[[ The data, beginning ]]

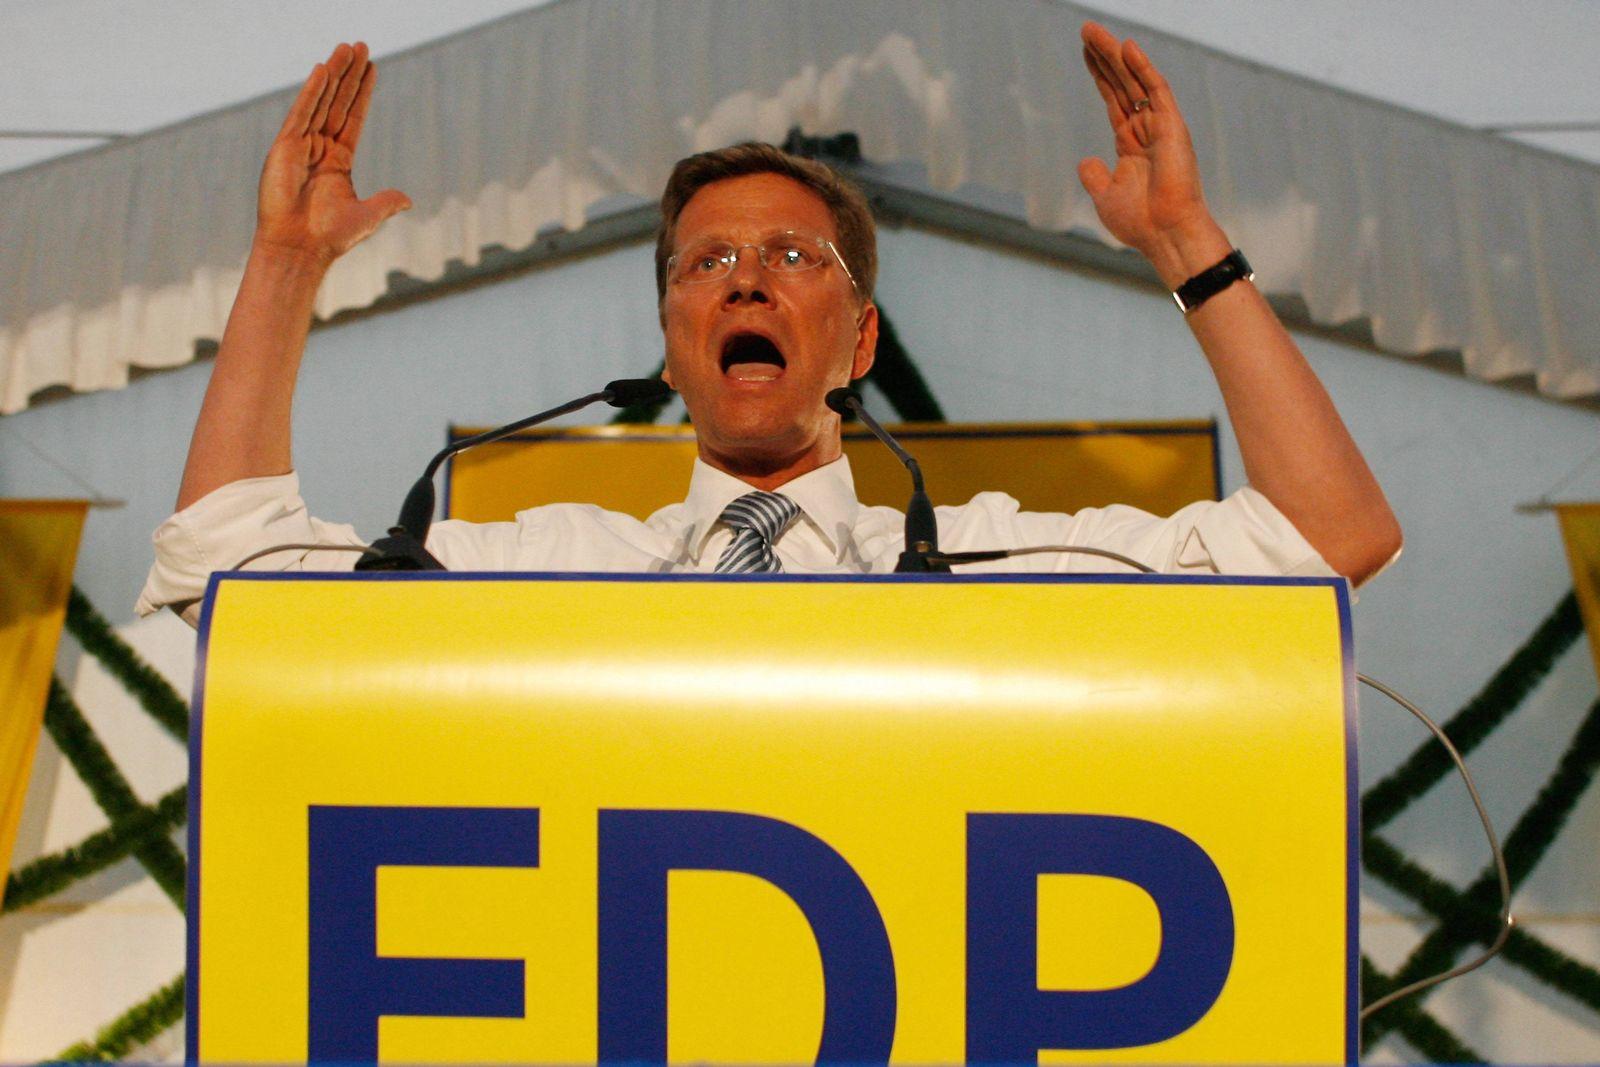 NICHT VERWENDEN Guido Westerwelle / Opposition
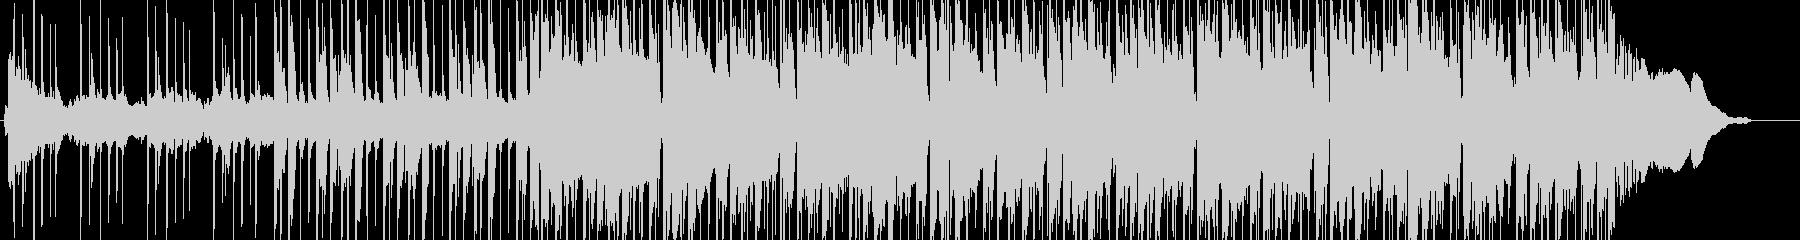 ◎エレピパーカスシンセのチルいビート曲の未再生の波形
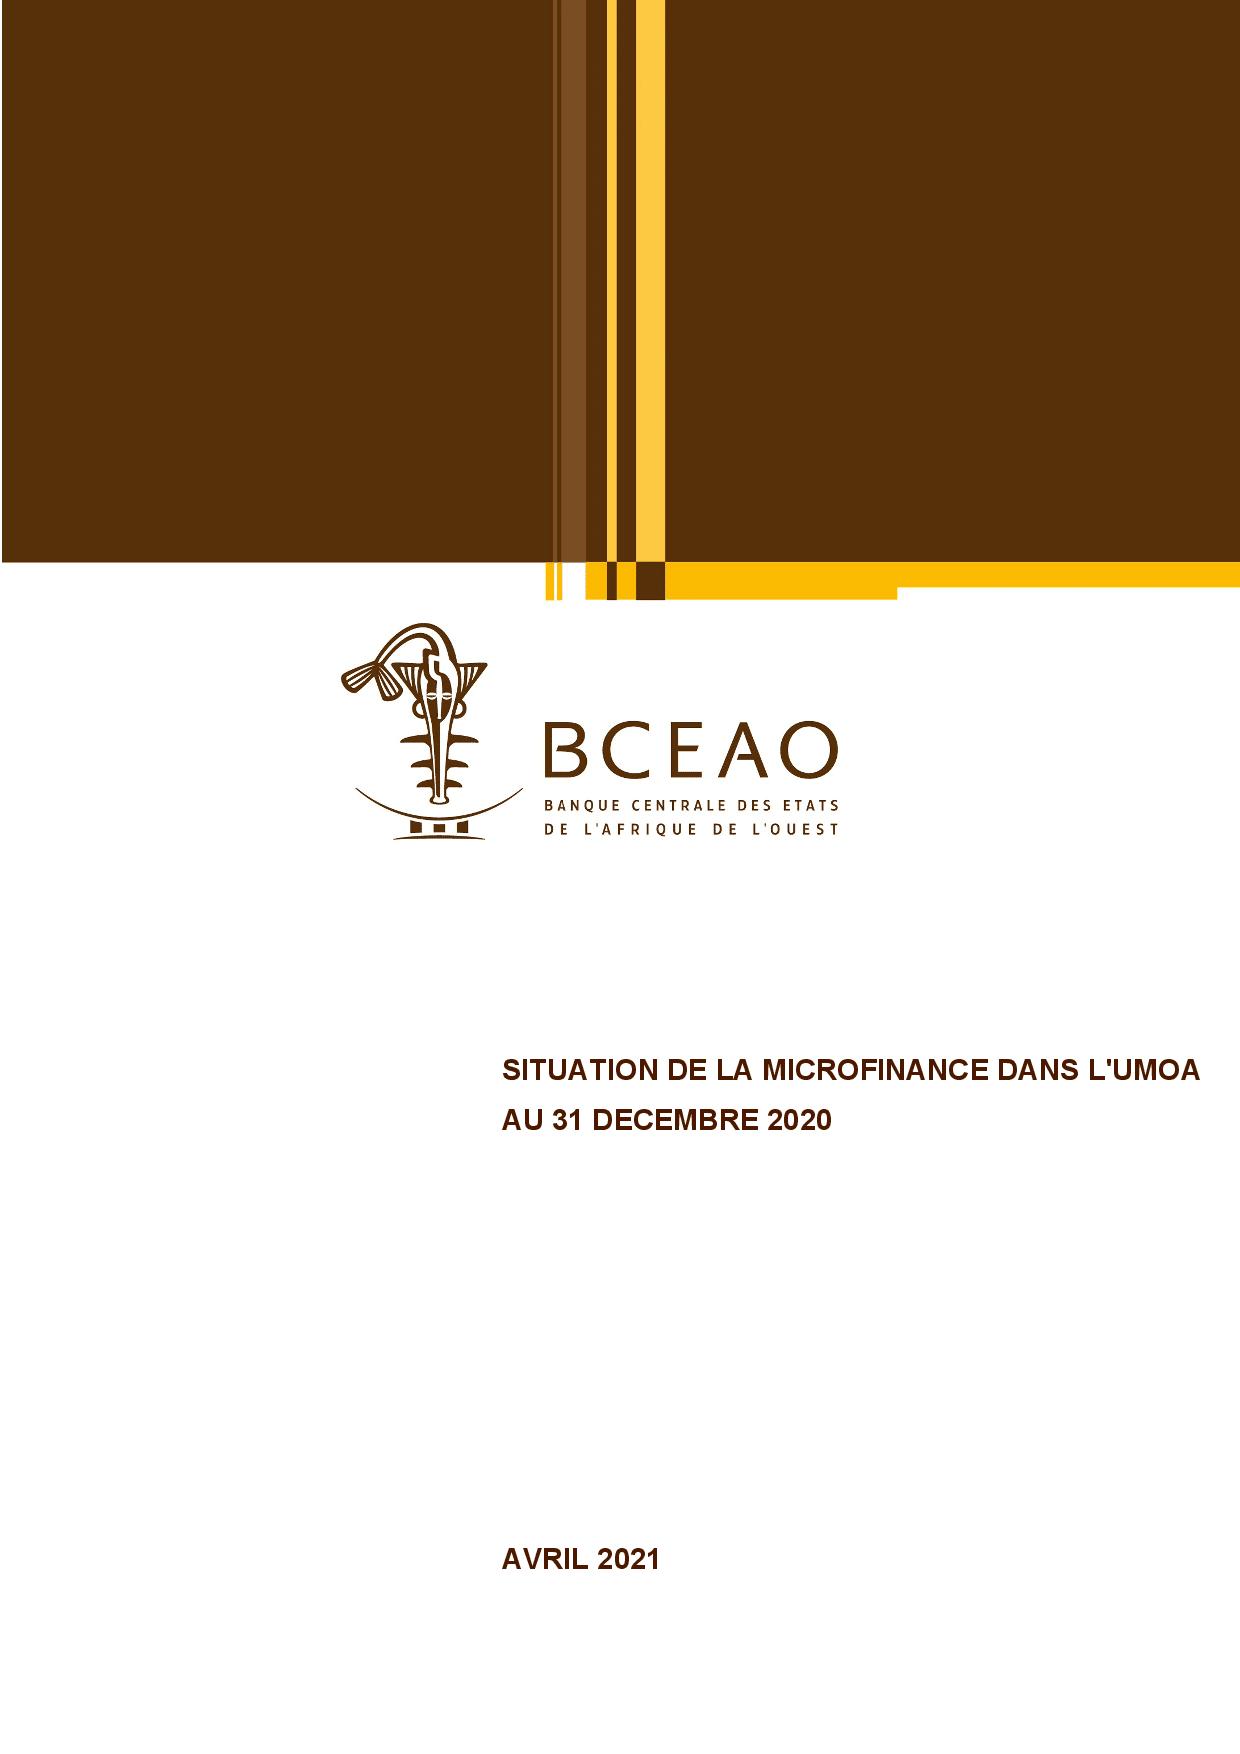 Situation de la microfinance dans l'UMOA au 31 décembre 2020

[[ The data, end ]]

**Activity:** From the first line to the last, repeat the data above exactly and leave the pictures out.

**Your solution:**
 NICHT VERWENDEN Guido Westerwelle / Opposition
 ◎エレピパーカスシンセのチルいビート曲の未再生の波形
 Situation de la microfinance dans l'UMOA au 31 décembre 2020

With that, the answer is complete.